А Валька пошёл домой, кое-как разделся и, будто подрубленный, грохнулся в кровать.
Но он уснул не сразу.
Сначала он просто закрыл глаза и вызвал свои корабли. Он устроил смотр всему флоту.
Ближе всех от берега шли маленькие парусники: одномачтовые шлюпы, полуторамачтовые йолы и кечи. Чуть подальше скользили лёгкие шхуны. Потом - бригантины и бриги, большие трёхмачтовые шхуны и баркентины. А далеко-далеко, почти у самого горизонта, громадные, как облака, двигались трёх-, четырёх- и пятимачтовые барки и фрегаты.
Обгоняя эскадру за эскадрой, проносились узкие клипера с невесомыми грудами удивительно белых парусов…
И вдруг из этого бесшумного хоровода вырвался и пошёл прямо на Вальку двухмачтовый парусник с высоко вскинутым бушпритом. Круто накренившись, он почти чертил волны длинным гиком грот-мачты.
«Вот она, моя бригантина», - подумал Валька. Но это была марсельная шхуна, потому что, кроме прямых парусов, она несла на фок-мачте косой гафельный парус.
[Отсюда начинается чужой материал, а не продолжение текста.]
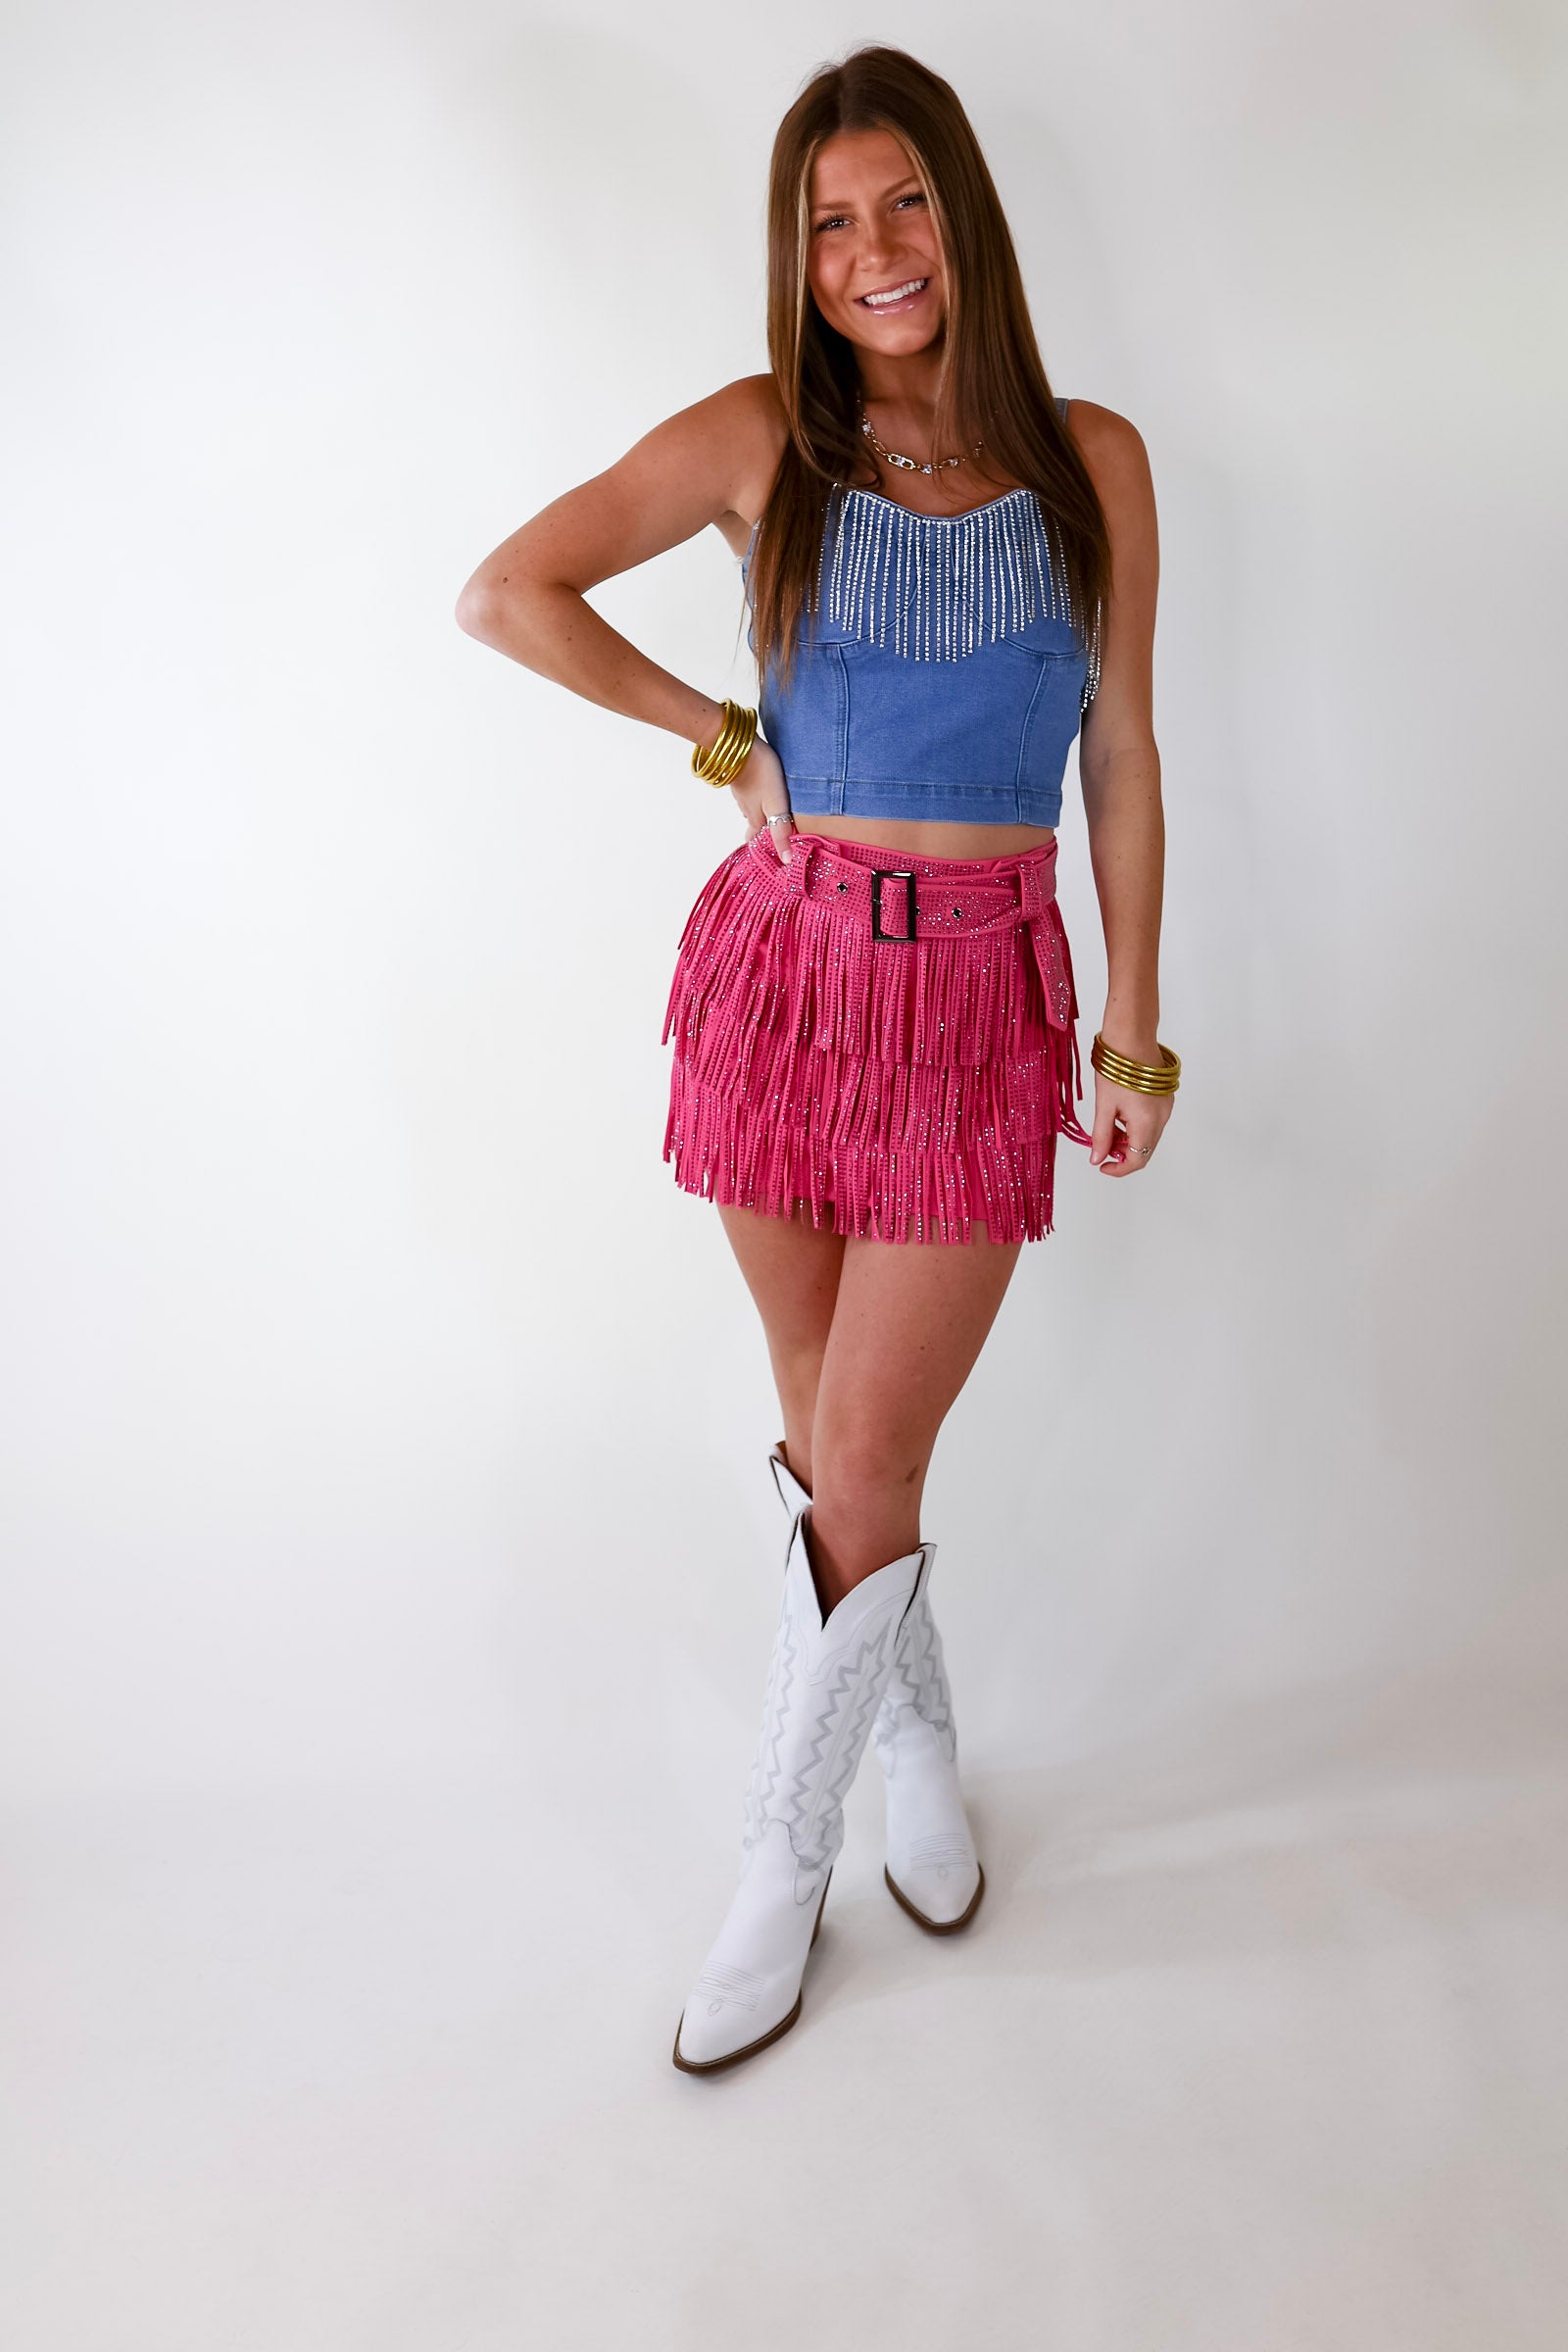 Broadway Lights Crystal Fringe Crop Top with Spaghetti Straps in Denim

Пологие волны шли к берегу, чередуя полосы света и тени. Сны уже наслаивались друг на друга, как прозрачные рисунки. Сквозь корабли Валька вдруг увидел маленького Игоря Новосёлова, который держал целый букет эскимо и сосредоточенно думал, с какого начать.
Не получил ещё ангину? - спросил Валька.
Новосёлов заулыбался и протянул ему все порции. Но Валька не успел отказаться от щедрого подарка. Заснул.
ПАРУСА. ВАЛЬКИНЫ АЛЬБОМЫ
В среду после пятого урока Зинка Лагутина сказала:
- Бегунов, а я что-то знаю… - и хихикнула.
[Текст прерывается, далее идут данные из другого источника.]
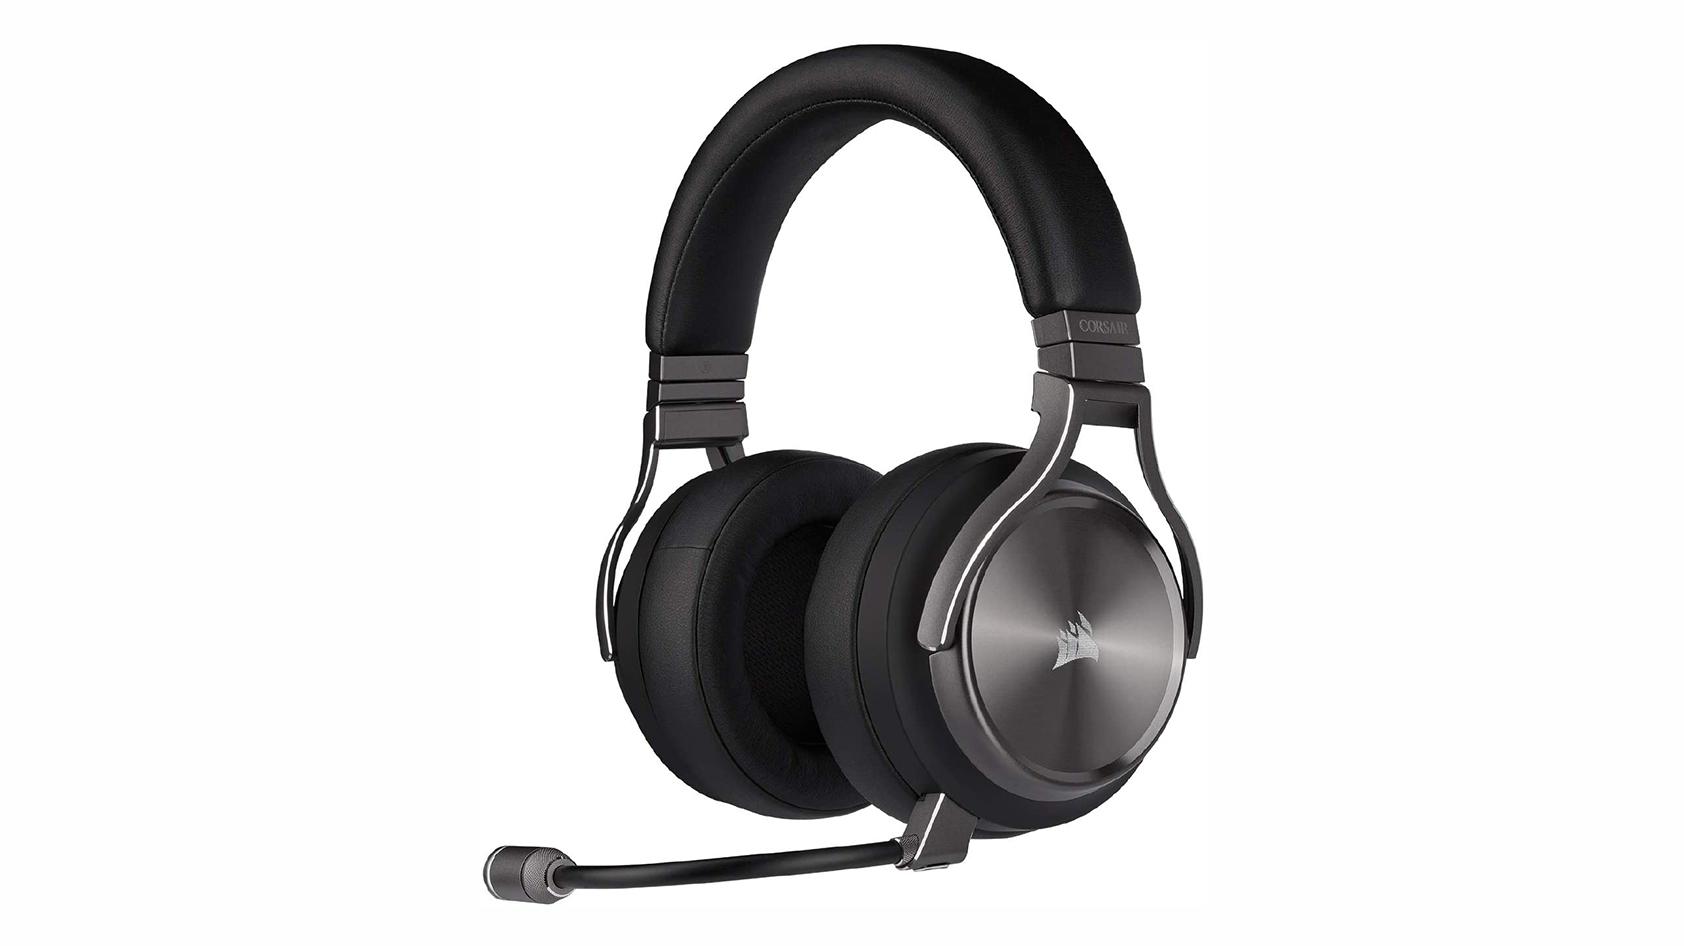 A product image of the Corsair Virtuoso SE gaming headset in silver against a white background.

- Что ты знаешь? - поинтересовался Валька. Не терпел он Зинкину привычку загадочно хихикать и делать из пустяков тайны.
- Знаю, - сказала Зинка. - Ты сегодня опять сбежишь с репетиции.
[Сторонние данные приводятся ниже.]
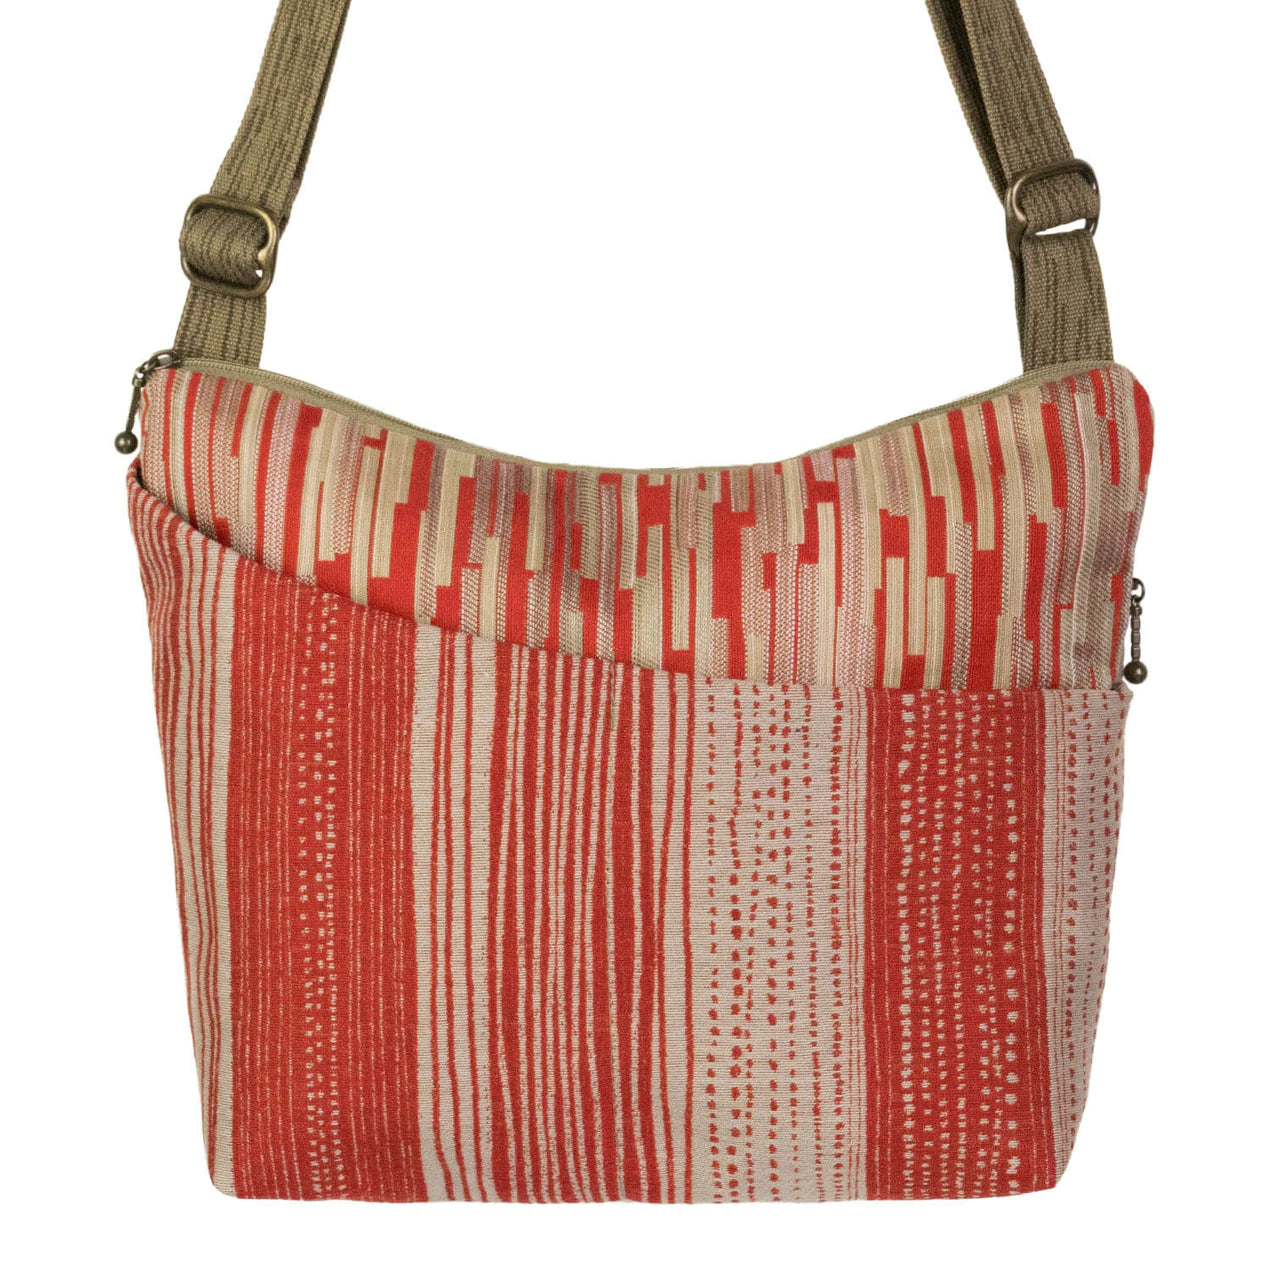 Maruca Cottage Bag - The perfect everyday bag for those who prefer a horizontal shap.

- А Волга? - мстительно спросил Валька. Она захлопала глазами.
- Что Волга?
- Впадает в Каспийское море? А дважды два - четыре? А колёса - круглые?
Зинка подумала и сказала:
- Не остроумно.
Валька сердито давил коленом и старался застегнуть набитый портфель.
- Анна Борисовна говорила, что если кто-нибудь на хор не будет ходить, она у того родителей вызовет, - сообщила Зинка.
- Она это каждый день говорит, - сквозь зубы ответил Валька и приналёг на портфель. Зинка опять хихикнула.
- Она говорит, что сама будет следить, чтобы никто не убежал с репетиции.
- Убегают из тюрьмы, - сказал Валька и щёлкнул замком.
Зинка взглянула как-то сразу удивлённо и хитро. И быстро проговорила:
- Ой, Бегунов, ой, какой ты…
- Какой?
Но Зинка уже шла к своей парте и, не обернувшись, покрутила над плечом растопыренной ладонью: такой, мол, странный…
Валька молча подхватил портфель. Зинка сказала:
- Я на хор, наверно, тоже не пойду. Лучше в кино. Выстрел в тумане. Смотрел?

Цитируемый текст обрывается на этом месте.